[Box Backup] Win32 port (was: BoxBackup Server Side Management Specs (Draft0.01))

Alaric Snell-Pym boxbackup@fluffy.co.uk
Fri, 08 Oct 2004 23:19:38 +0100


Chris Wilson wrote:
>>How about a simple \n terminated terminated line, with tab separated 
>>message name and arguments? Nice and easy to parse, nice and easy to 
>>write, extend by adding new messages or arguments.
 >
> It lacks human-readability, extensibility and robustness. In order to 
> understand the output when "parsing" by hand, you have to learn by heart 
> what each column stands for. With XML, the columns are self-describing.

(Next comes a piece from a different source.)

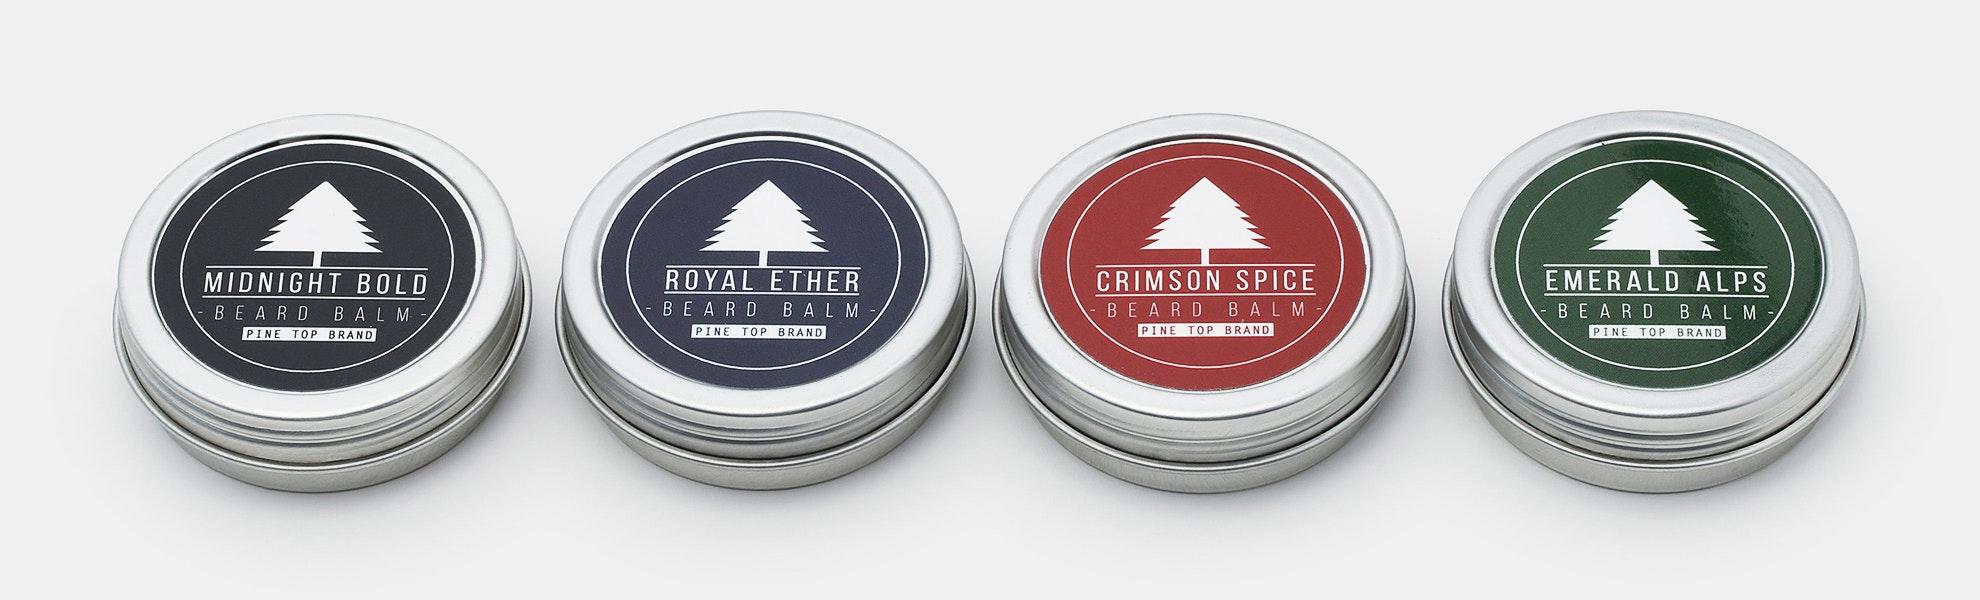 Pine Top Beard Balm
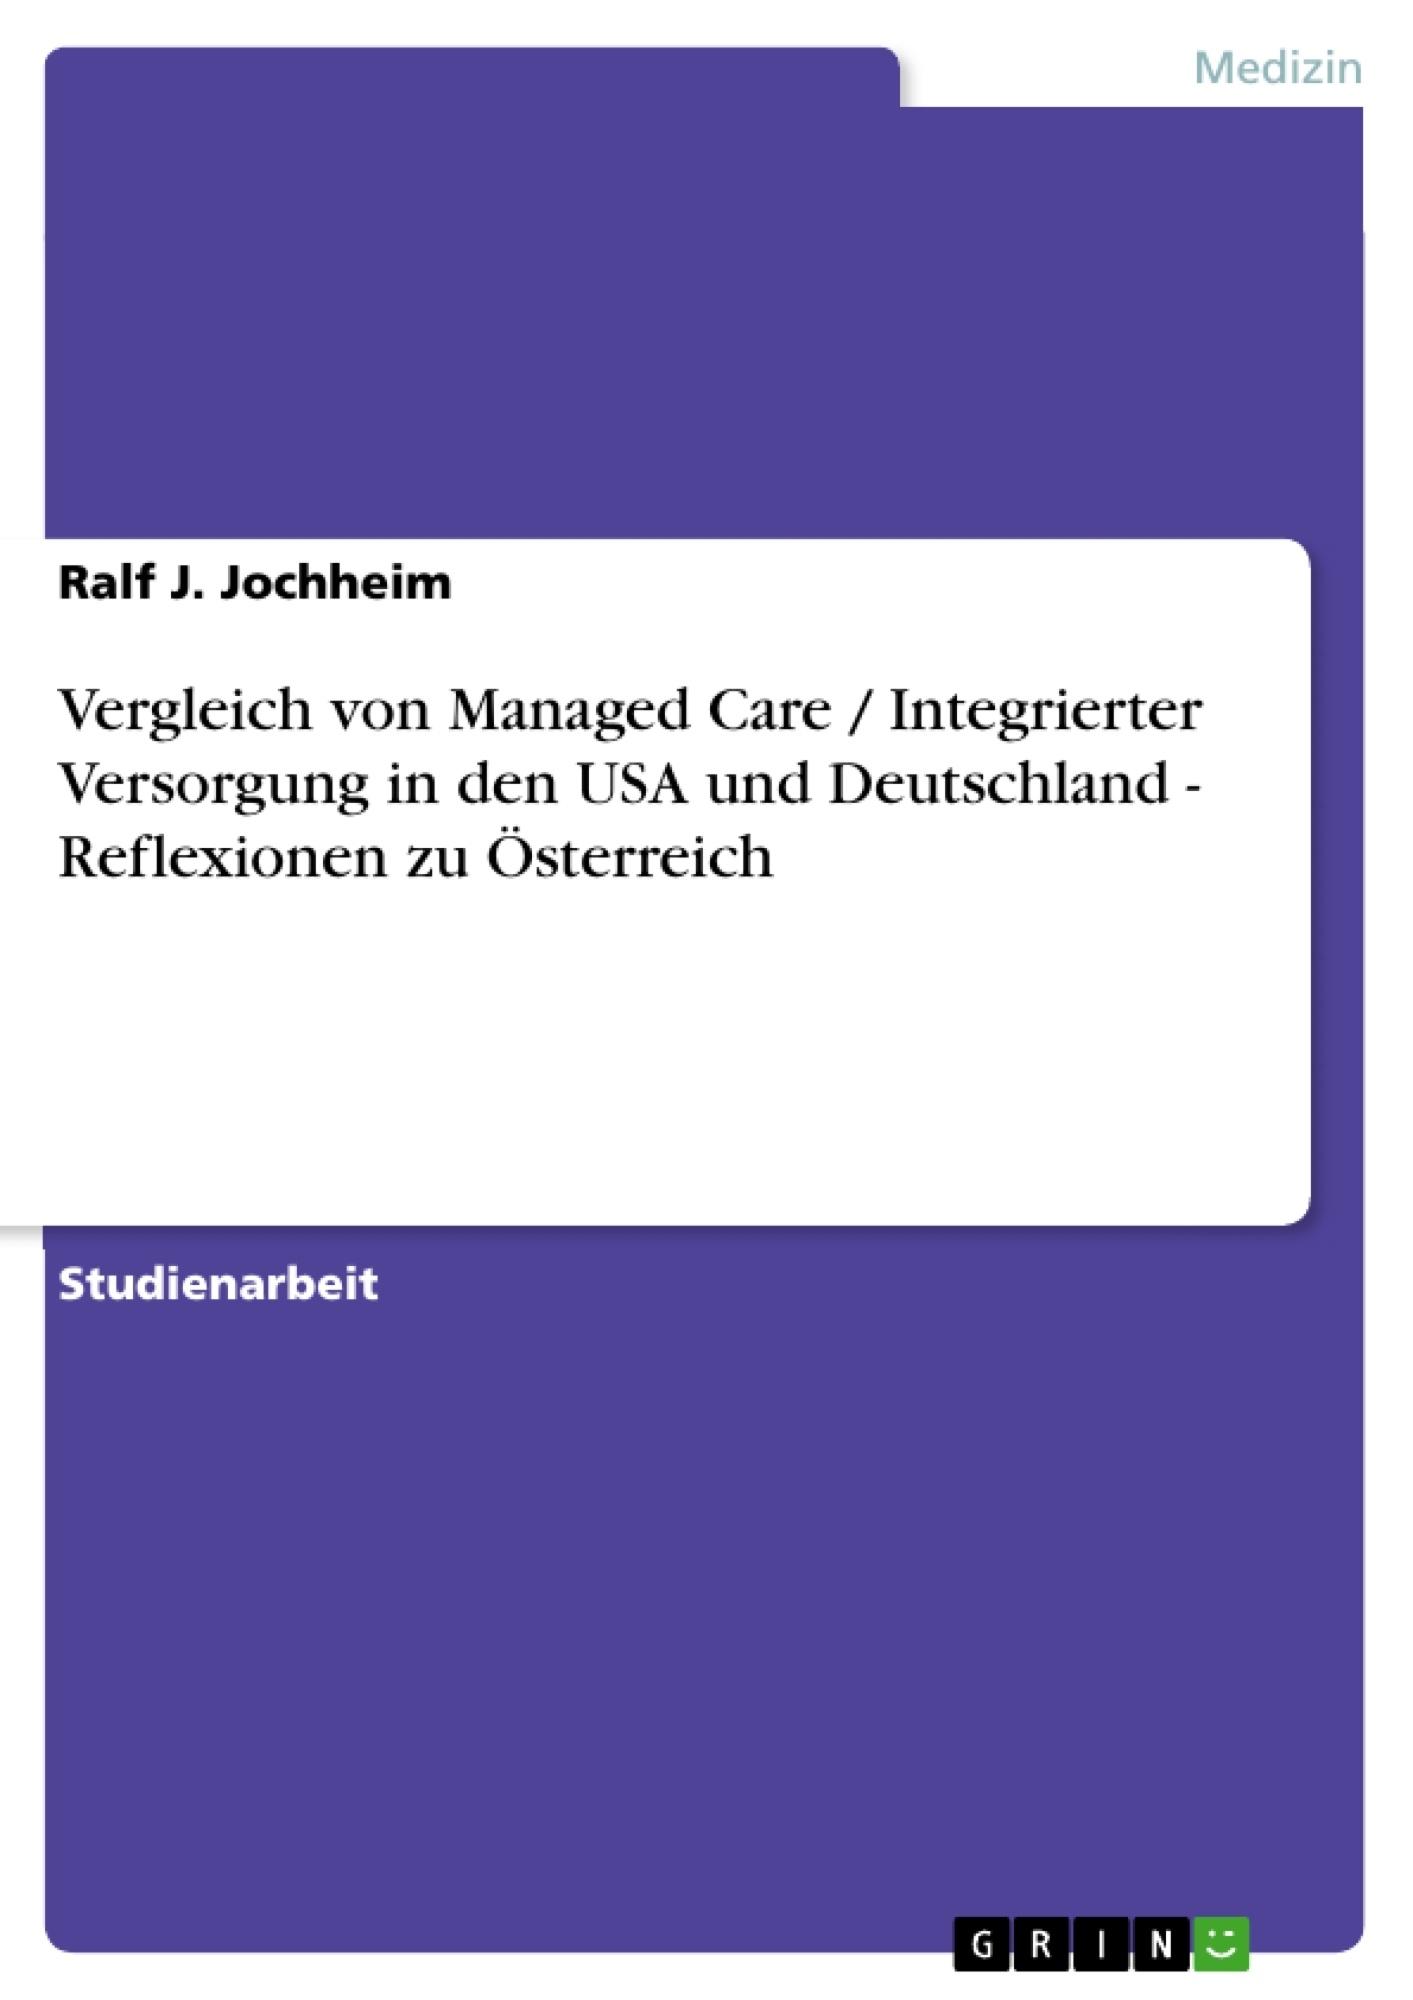 Titel: Vergleich von Managed Care / Integrierter Versorgung in den USA und Deutschland - Reflexionen zu Österreich

XML's subtly broken for data interchange applications - bear in mind it 
was designed as a markup language, not a data interchange format! 
Although the term "markup" seems to have been re-defined in hindsight to 
mean data interchange, mainly due to people misunderstanding what Tim 
Berners-Lee was going on about when he was basically explaining that XML 
is meant to be more machine-processable than HTML, to simplify "screen 
scraping" of web pages.

> How do you deal with third-party extensions to the protocol? With XML, you
> can just create a new namespace to hold those attributes and tags, and the
> client can ignore them. Any sensible solution to the problem is bound to
> be similar to XML's.
>
> How about if Box was forked one day, or independent, incompatible protocol
> changes made in the stable and development versions? Such changes would
> normally make the forks incompatible with each other, from the view of the
> client, because they would re-use the same columns for new purposes.
> Labelling columns makes this almost not an issue, and the same client
> could probably work with both forks, with maximal shared code, and minimal
> client complexity.

You're thinking here in terms of loosely-coupled systems. By design, the 
box backup client and server are tightly coupled - they co-evolve.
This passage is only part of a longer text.